Es sollte uns säkularen Staatsbürgerinnen und Staatsbürgern darum gehen, den Begriff Kopftuchverbrechen (crime du foulard) sozusagen zurückzuerobern beziehungsweise vom Kopf auf die Füße zu stellen: Nicht die Kritik am Kopftuch ist ein Verbrechen! Das aufgezwungene Kopftuch ist ein Verbrechen!

Und genau diesen Zusammenhang zwischen dem repressiven Kult des politischen (orthodoxen) Islam und dem nach der Doktrin der Freiwilligkeit (Kein Zwang im Glauben, dem Unwilligen droht das Höllenfeuer) getragenen Schleier möchte der im Juli 2009 vermarktete Neologismus »Kopftuchmörder, Kopftuchmord« umkehren.

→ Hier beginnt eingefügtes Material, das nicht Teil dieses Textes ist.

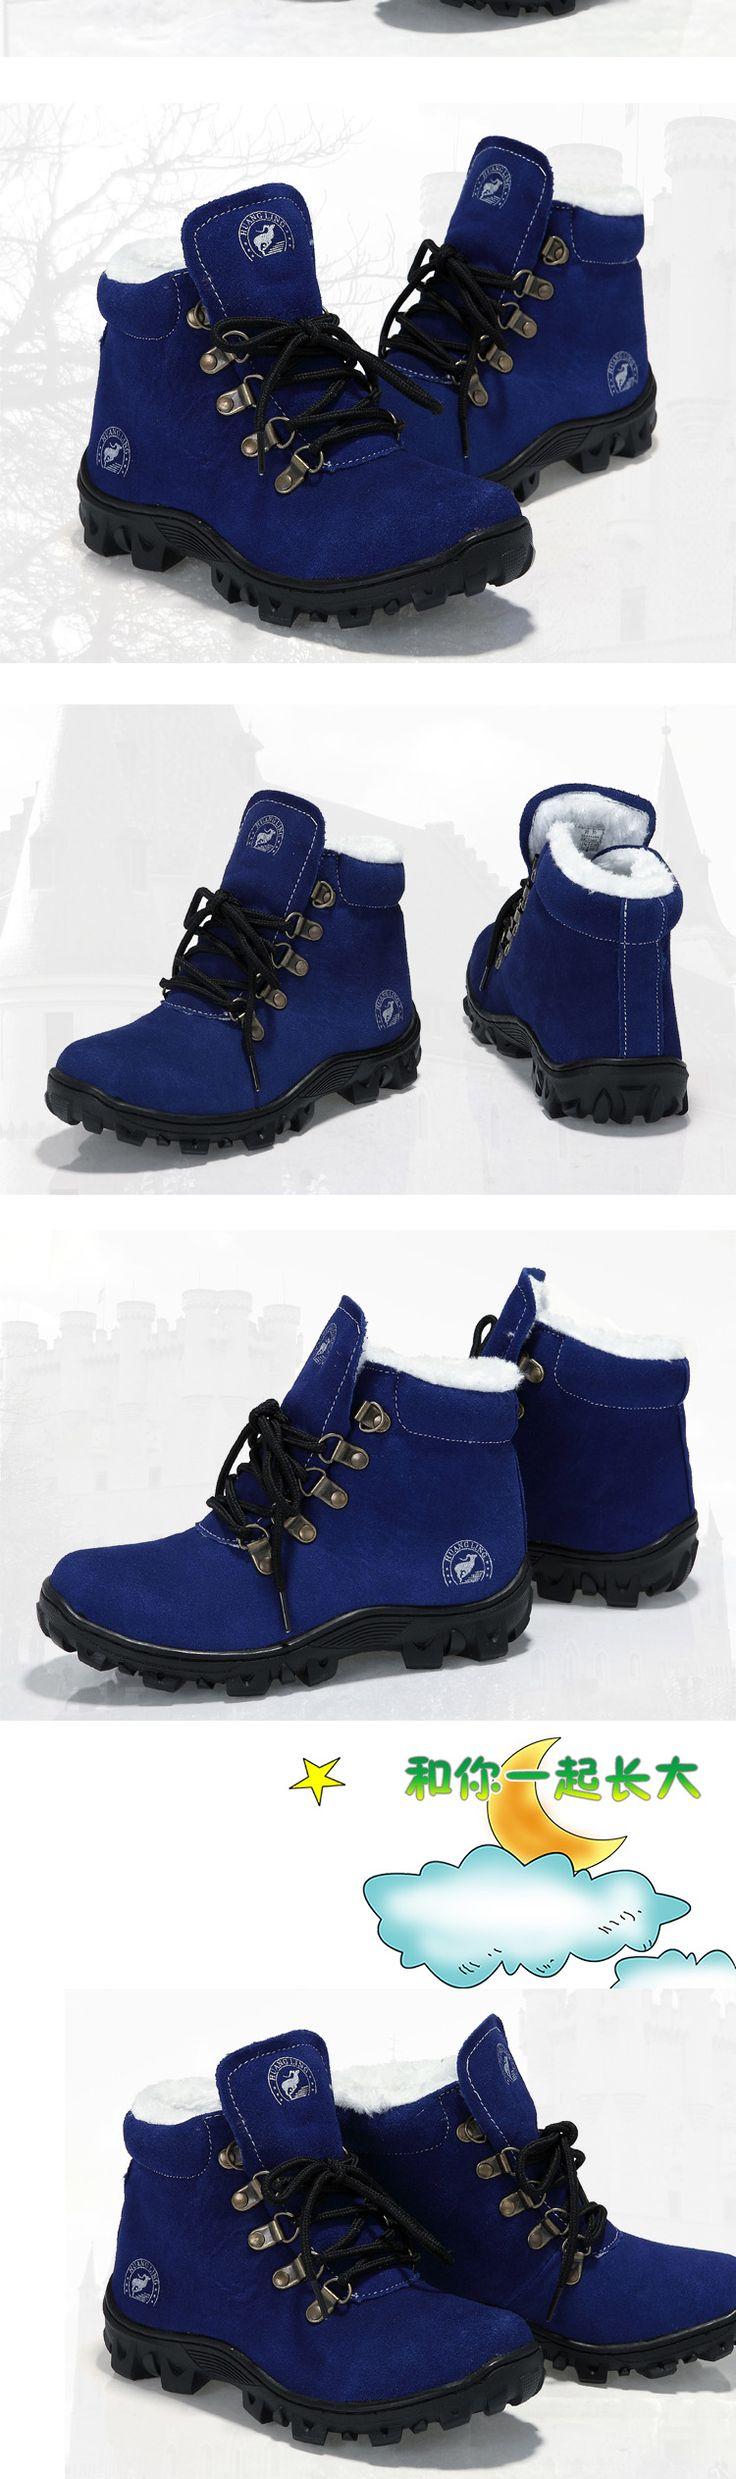 Мальчики и девочки зимние ботинки Мартин сапоги ребенок модели дополняется кожи высокого верха кожаные сапоги с низким трубки снега сапоги корейской Tide - Taobao

Ohne Frage, Alex W. ist als der Mörder der Täter, die getötete Marwa al-Sharbini das Opfer. Dem orthodoxen Islam ist andererseits das auf Machtverfestigung zielende Austauschen von Täter und Opfer nicht fremd, und hier ist zu sagen, dass der Islam nicht das Opfer Deutschlands ist und Kritik am aggressiven islamischen Fundamentalismus selbstverständlich auch künftig möglich sein muss. Darum aber geht es den Salafisten um Pierre Vogel sowie den vier im KRM zusammengeschlossenen deutschen Islamverbänden im Juli 2009 nach dem schrecklichen Mord an einer ägyptischen Pharmazeutin: Künftige Islamkritik und Kopftuchkritik zu erschweren, am besten zu verhindern.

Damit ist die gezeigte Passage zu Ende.